George S. Erath Field at Coy O. Williard Baseball Stadium
- Interactive map of George S. Erath Field at Coy O. Williard Baseball Stadium
- Location: 1013 North College Drive, High Point, North Carolina, US
- Coordinates: 35°58′32″N 79°59′44″W﻿ / ﻿35.975556°N 79.995556°W
- Owner: High Point University
- Operator: High Point University
- Capacity: 550
- Surface: Natural grass
- Scoreboard: Electronic

Construction
- Renovated: 2001, 2007, 2009, 2010

Tenants
- High Point Panthers baseball (NCAA DI Big South) Big South Tournament (2012)

= George S. Erath Field at Coy O. Williard Baseball Stadium =

Baseball venue in North Carolina, US

George S. Erath Field at Coy O. Williard Baseball Stadium is a baseball venue in High Point, North Carolina, United States. It is home to the High Point Panthers baseball team of the NCAA Division I Big South Conference. It has a capacity of 550 spectators.

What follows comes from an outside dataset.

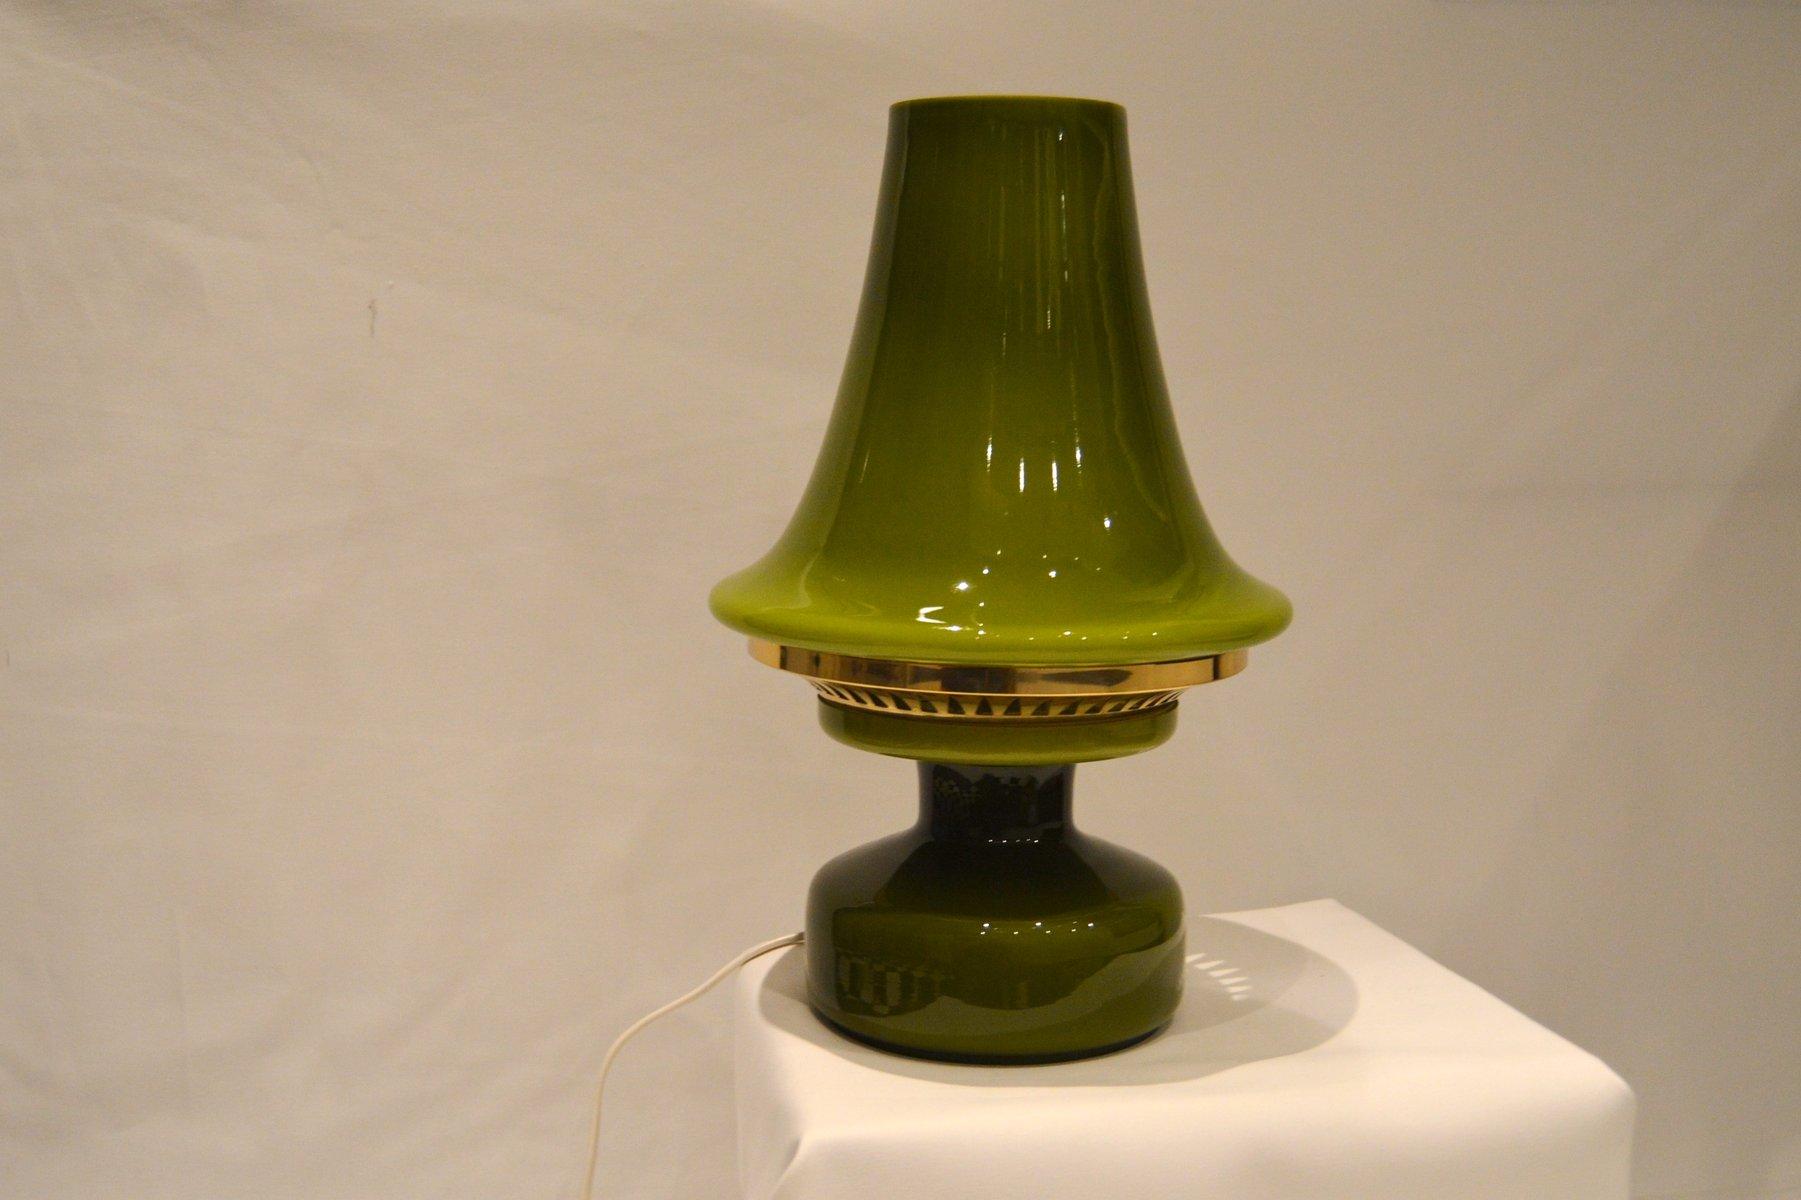 Grüne Vintage B124 Tischlampe von Hans-Agne Jakobsson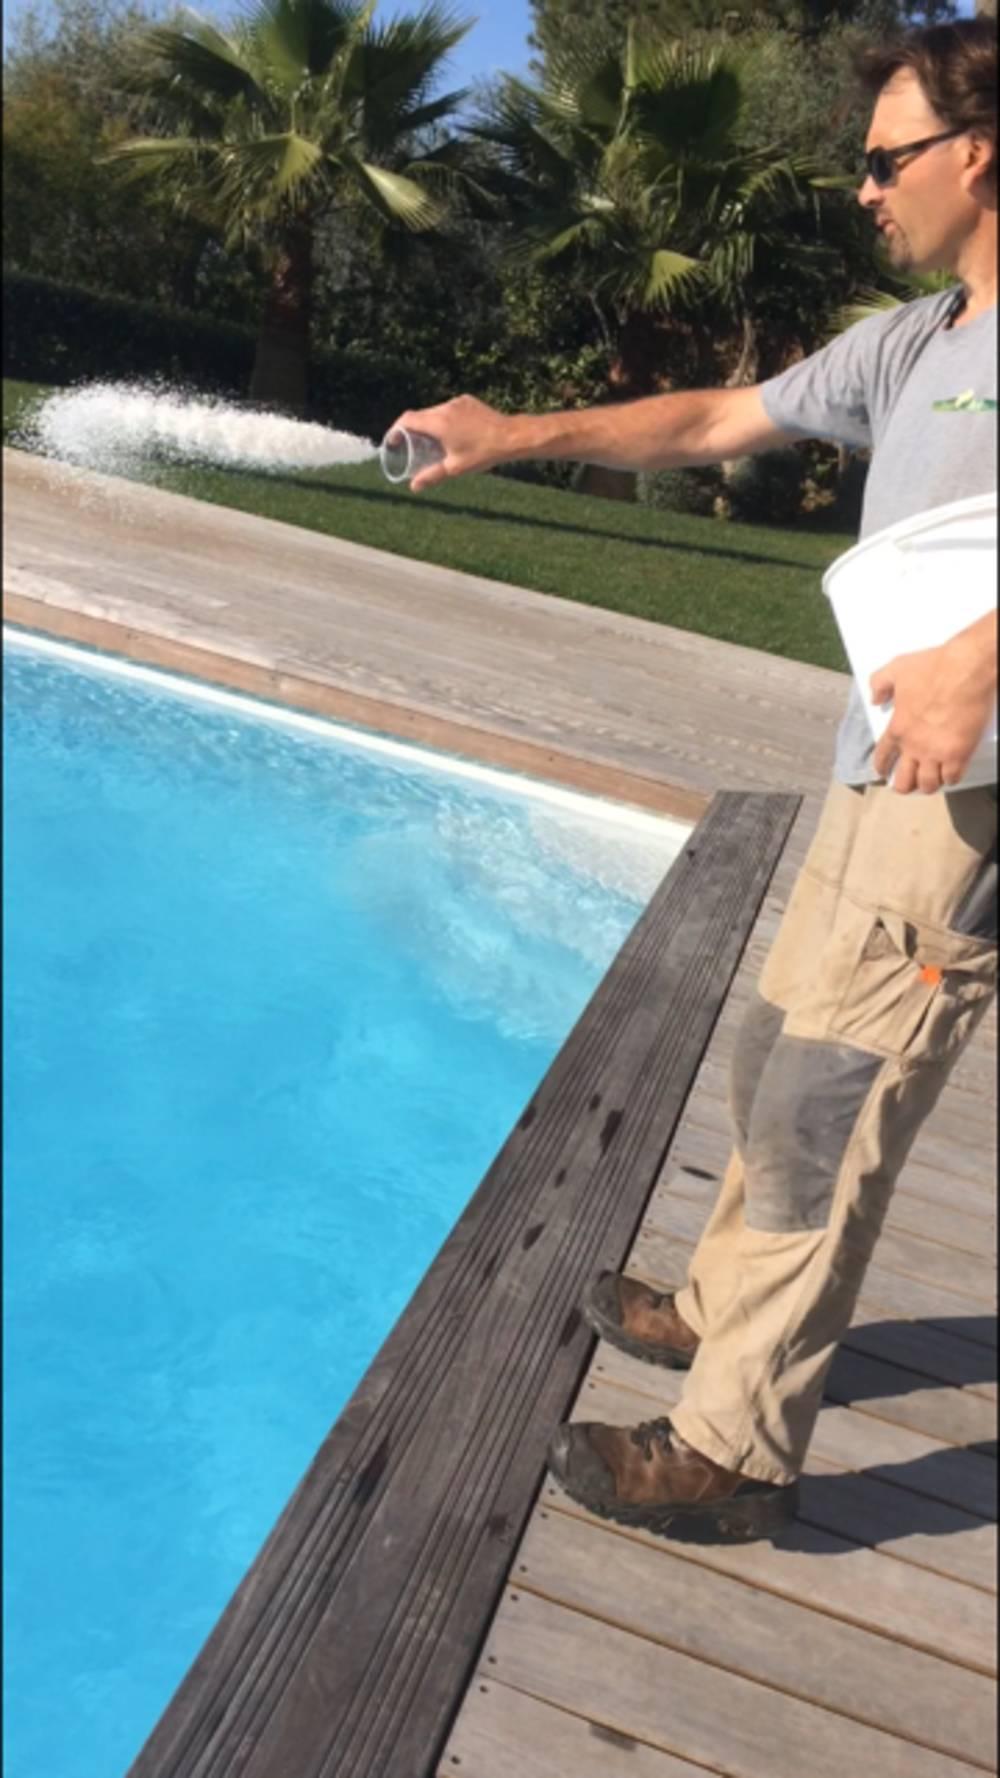 Entretien de piscine artisan paysagiste cannes bocca for Entretien de piscine

Originally known simply as George S. Erath Field, the venue was renamed George S. Erath Field at Coy O. Williard Baseball Stadium in 2007, following the construction of a seating structure with 501 chairback seats, a press box, concessions, and restrooms. In 2009, a FieldTurf halo was added around home plate, and the warning track was renovated. In 2010, the right center field fence was lowered to allow for better spectator sightlines. Additionally, an irrigation system and scoreboard have been added since 2001, and the infield has been renovated.

The venue hosted the 2012 Big South Conference baseball tournament, won by Coastal Carolina.

In 2012, college baseball writer Eric Sorenson ranked the facility the fourth best small venue in Division I baseball.